Later when Mahatma Gandhi was selected by the Indian National Congress as their sole delegate to the Round Table Conference, Bose had unreservedly criticized the decision. He was of the opinion that a sufficiently big delegation with capable and intellectual leaders including Gandhi should have been sent and it should have been mainly used for the cause of propaganda abroad for Indian independence. Subsequently when the Communal Award was announced on 17 August 1932, Bose was also a caustic critic of its provision of separate electorates for Harijans or depressed classes. But he could not gulp the act of fasting by Gandhi in protest against it, which unexpected development he characterized as "complete sidetracking of the civil disobedience movement in the country." The fast of Mahatma Gandhi which started on 20 September 1932 finally ended with the coming down of the Hindu leaders of the Congress, Hindu Mahasabha, etc., as also Ambedkar to make a pact with Gandhi by way of Poona Agreement dated 24 September 1932. To his shock Bose noted that while the Communal Award provided 71 seats in the Provincial Legislatures for the depressed classes, the Poona Agreement had provided 148 and as for as Bengal was concerned the Hindus (other than scheduled castes) who had already been unjustly treated in the Award sorely felt that further injustice has been done to them by this Communal Award because in Bengal the depressed classes are not significant in numbers. Bose was not happy either with the role of Ambedkar about whom he caustically commented: "In 1930 and after, Dr. Ambedkar has had leadership thrust upon him by a benign British Government, because his services were necessary to embarrass the nationalist leaders." He noted that Ambedkar had himself approached Gandhi at the Round Table Conference in London with the proposal of a certain number of reserved seats for the depressed classes on the basis of common electorate which was rejected by Gandhi at that time. But when the Communal Award was made making provision for separate electorates for the depressed classes, Ambedkar took full advantage of it and exacted the maximum possible reserved seats from Gandhi to come to a Pact. However, Bose did also note that the most important result of the 'epic fast' was to give a powerful impetus to the movement for the eradication of untouchability.

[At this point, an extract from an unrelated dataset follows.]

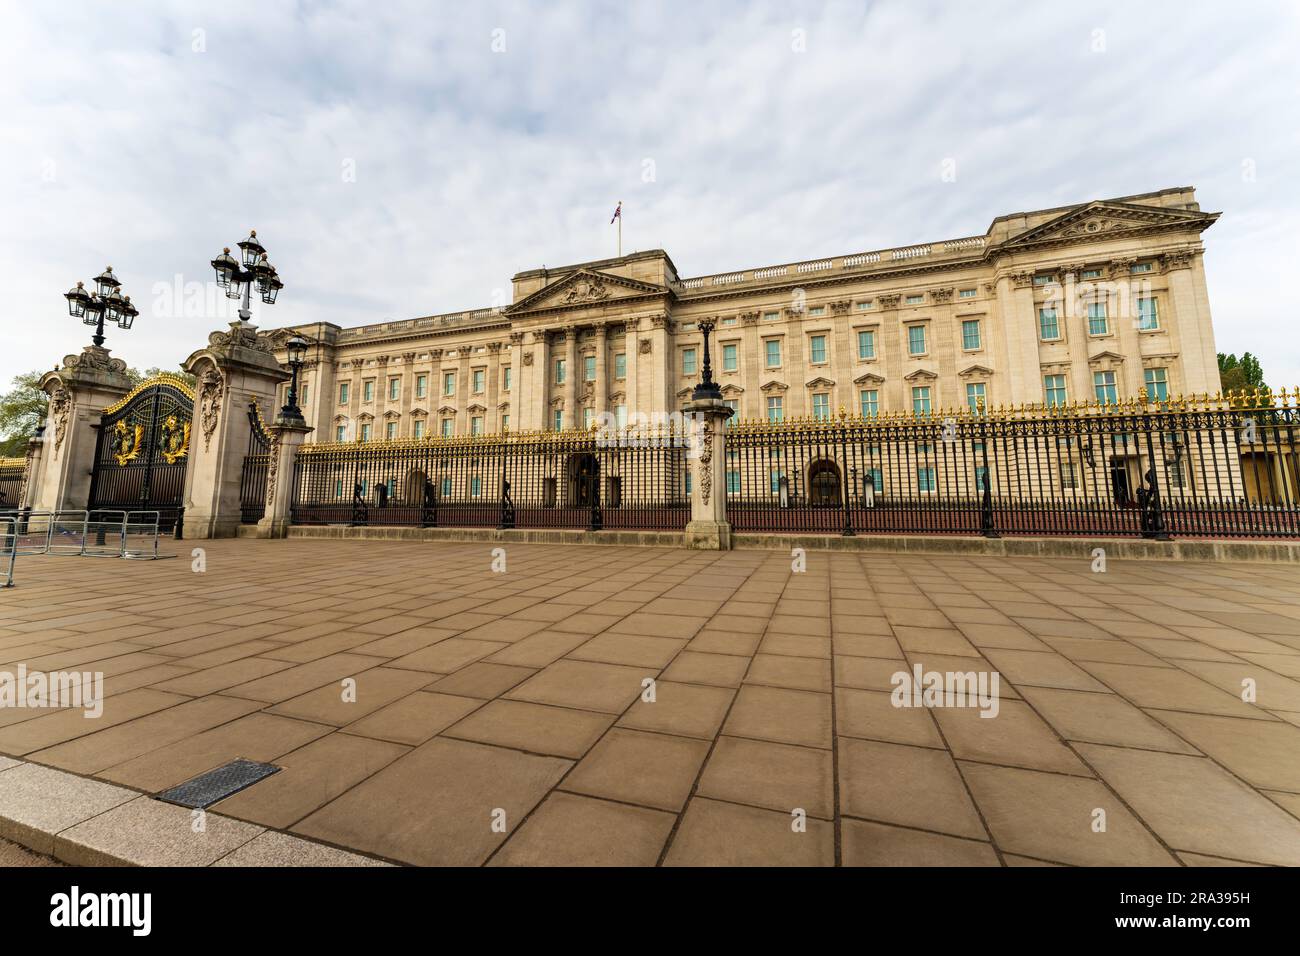 Buckingham Palace, symbole de la monarchie britannique et demeure des rois, des reines et des membres de la famille royale. Pas de gens, la semaine du couronnement du roi Charles II. Banque D'Images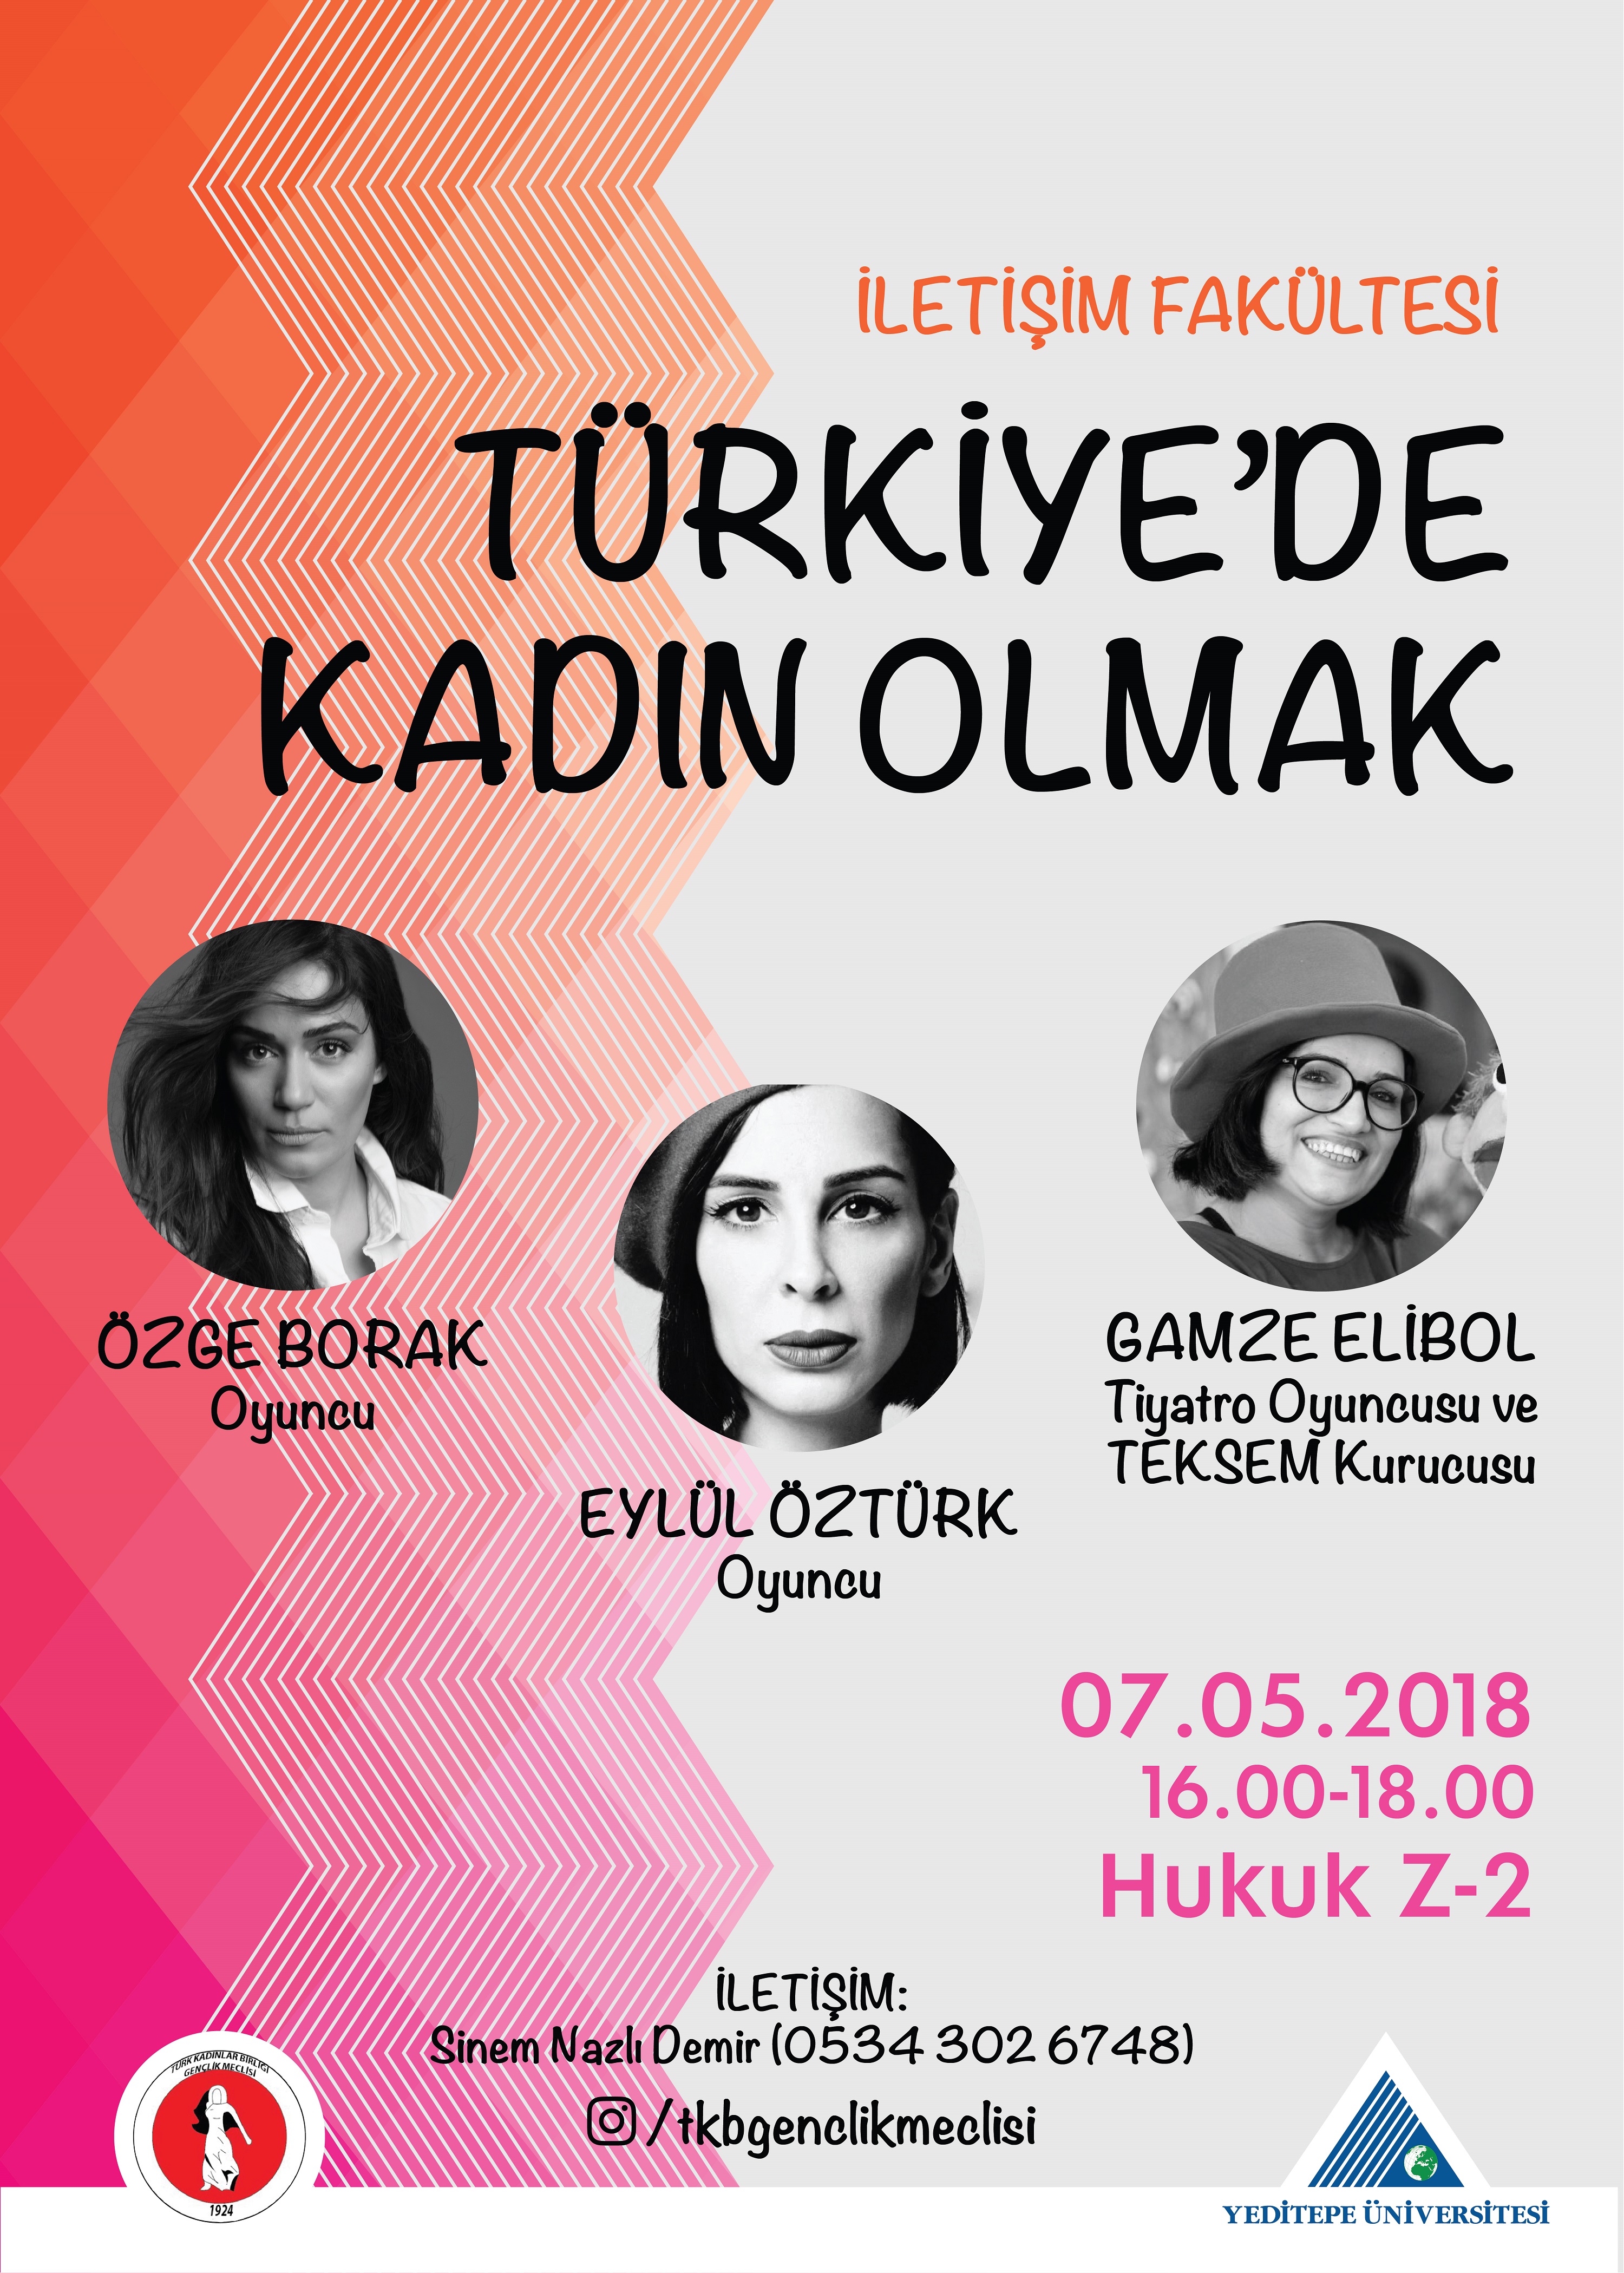 Türkiye'de Kadın Olmak!

Along with Vithal Bhai Patel, the illustrious Speaker of the Central Legislative Assembly, Bose gave a statement to the press from Europe condemning the way of conduct of the Civil Disobedience movement and its final withdrawal by Gandhi. It is noteworthy that as regards none of the major movements led by Gandhi, Bose was in agreement with him on the strategy and tactics adopted by Gandhi to conduct those movements. Bose spent his time in 1933–1936 in Europe for health reasons as also for doing propaganda for the cause of Indian Independence and for exploring the possibility of utilizing the League of Nations for advancing the cause of India's freedom. It would be worthwhile here to quote in extenso from Bose himself: "Between 1933 and 1936, the writer [Subhas] toured practically the whole of Europe outside Russia and studied at first hand the conditions of post-Versailles Europe. He was several times in Italy and in Germany, and in Rome he was received by Signor Mussolini on several occasions. He studied on one hand, the growth of the new forces that were ultimately to challenge the old order that had been set up by the Treaty of Versailles–and on the other, he studied the League of Nations which symbolized that old order. …… In may countries in Europe, he was able to rouse interest in India and to help in founding organizations for developing contact with India. The tour concluded with the visit to Ireland, where he had met President de Valera and other Ministers of his Government, as well as the leaders of the republican movement. …… During his stay in Europe, the writer was everywhere watched and followed by the agents of the British Government who tried their best to prevent his making contacts with different governments and with important personalities in different countries. In Fascist or pro-Fascist countries, the British agents tried to paint him as a Communist. In Socialist or democratic countries, on the other hand, they tried to describe him as a Fascist. In spite of these obstacles, however, he was able to do useful propaganda for India and rouse sympathy for the Indian freedom movement in several countries of Europe."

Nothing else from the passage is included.